Both treatments shorten the moisture gradient distance and, therefore, its steepness, locally reducing the stresses that trigger cracking. In untreated pieces, these stresses are abruptly released at the ends as checking and splitting. As described, these effects emerge, develop, and consolidate during drying, compromising the piece’s integrity. However, from a drying perspective, these cracks serve as moisture exchange interfaces, accelerating the drying process ([25]) and hypothetically "capturing" the tangential shrinkage/swelling variation at the log end.

In kiln drying, environmental variables (temperature and relative humidity) are controlled to prevent tangential stresses from exceeding the threshold that causes wood tissue failure [43]. In air drying, while some general aspects (using well-ventilated enclosures or protecting from rain and direct sunlight) can be controlled, this is not feasible to the same extent. Another strategy to evaluate is manipulating the drying effect, i.e., cracking. As observed with the kerfing treatment, the kerfs guided crack formation in more than two-thirds of the specimens, creating quadrants. In some cases, no visible cracks formed within these quadrants, while in others, cracks did appear—some minor and others severe, like checking.

A proposed solution, hypothetically capturing tangential stresses in the kerfs, involves an artificial cross-splitting as Figure 13 exposes. These cross-knifings extend throughout the extreme section to a defined depth, combining the advantages of both treatments studied. The two diameters would capture naturally formed checks or splits, and the exposed area by the cut depth would accelerate log drying.

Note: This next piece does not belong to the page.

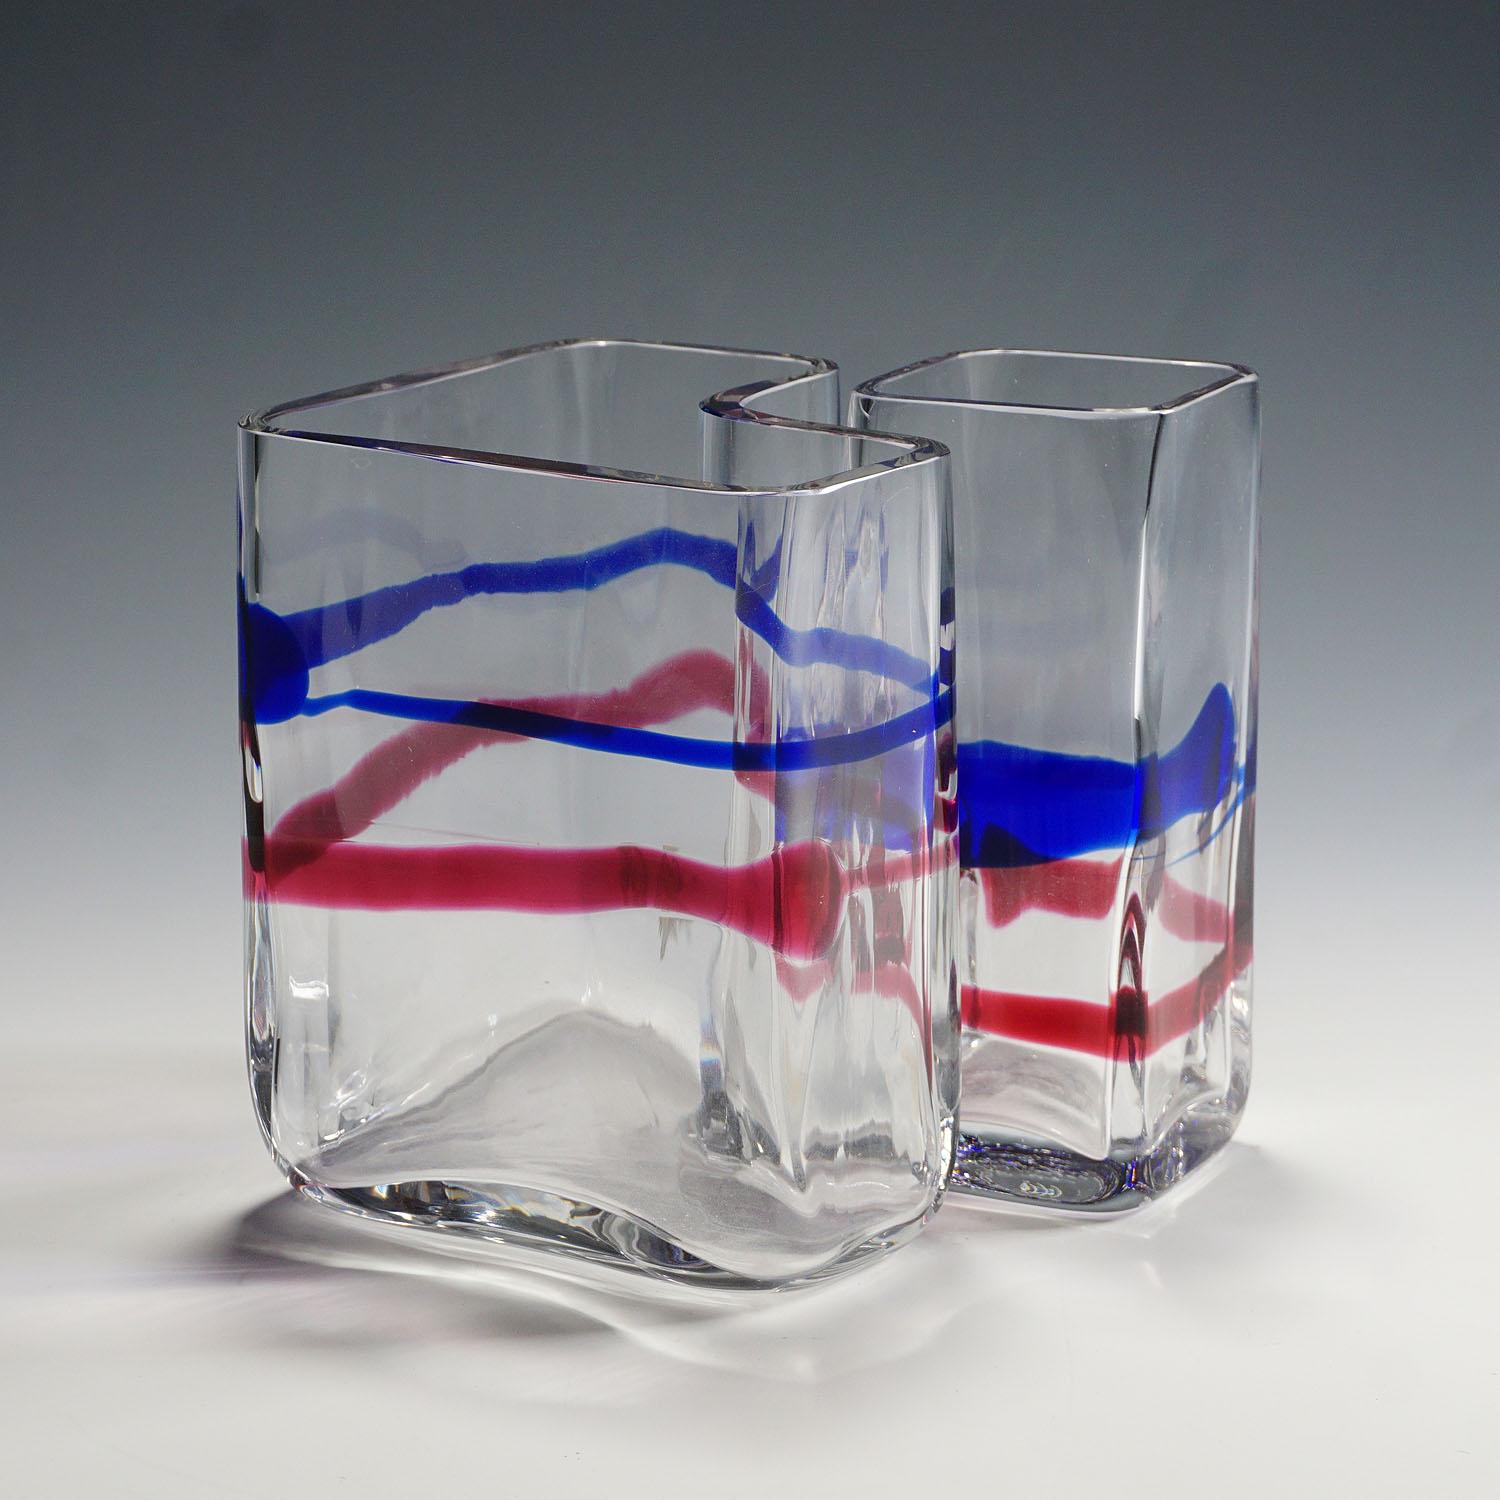 Pair of rectangular art glass vases designed by Erick Hoeglund for Vrigstad Glassworks ca. 1980s. Clear glass with fused ribbons in red and blue. Marked with company lable and signature on the base: 'Vrigstad Kristallhytta Erik Hoeglund' and model
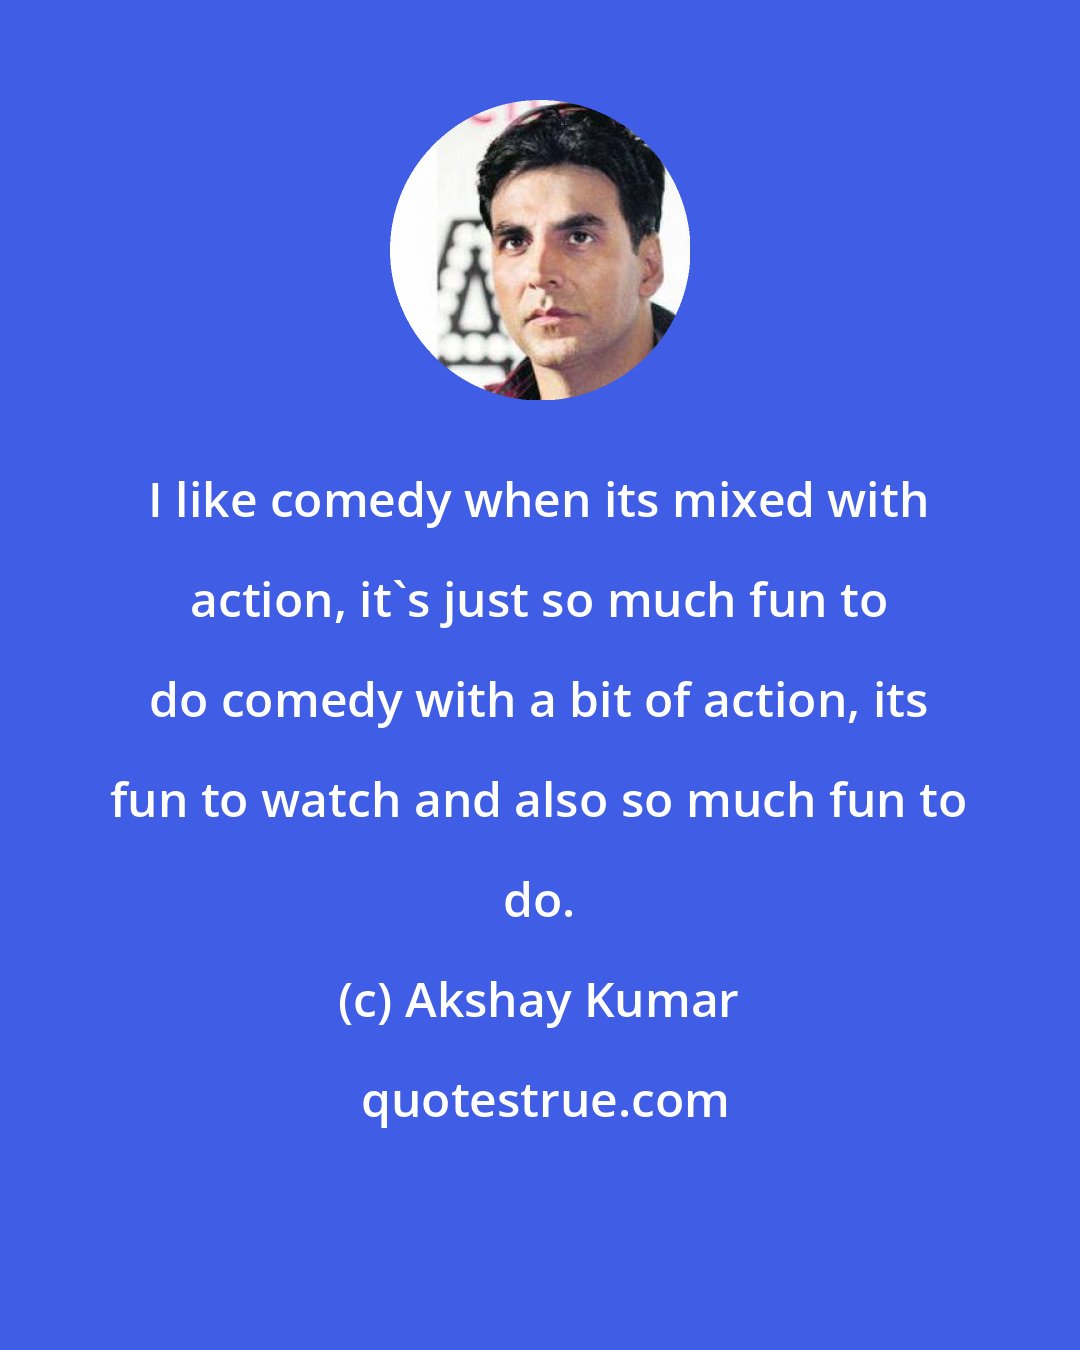 Akshay Kumar: I like comedy when its mixed with action, it's just so much fun to do comedy with a bit of action, its fun to watch and also so much fun to do.

The four formed quadrants might house a connection. Dias et al. [45] demonstrated that using four glued bars arranged around the perimeter of round timber logs subjected to tension can achieve high structural performance. Fastener connections can also be evaluated, provided critical distances to loaded edges are measured from the end of the executed kerf. Additionally, the early work of Huybers [46]suggests a practical approach for controlling log end expansion using a wire lacing tool.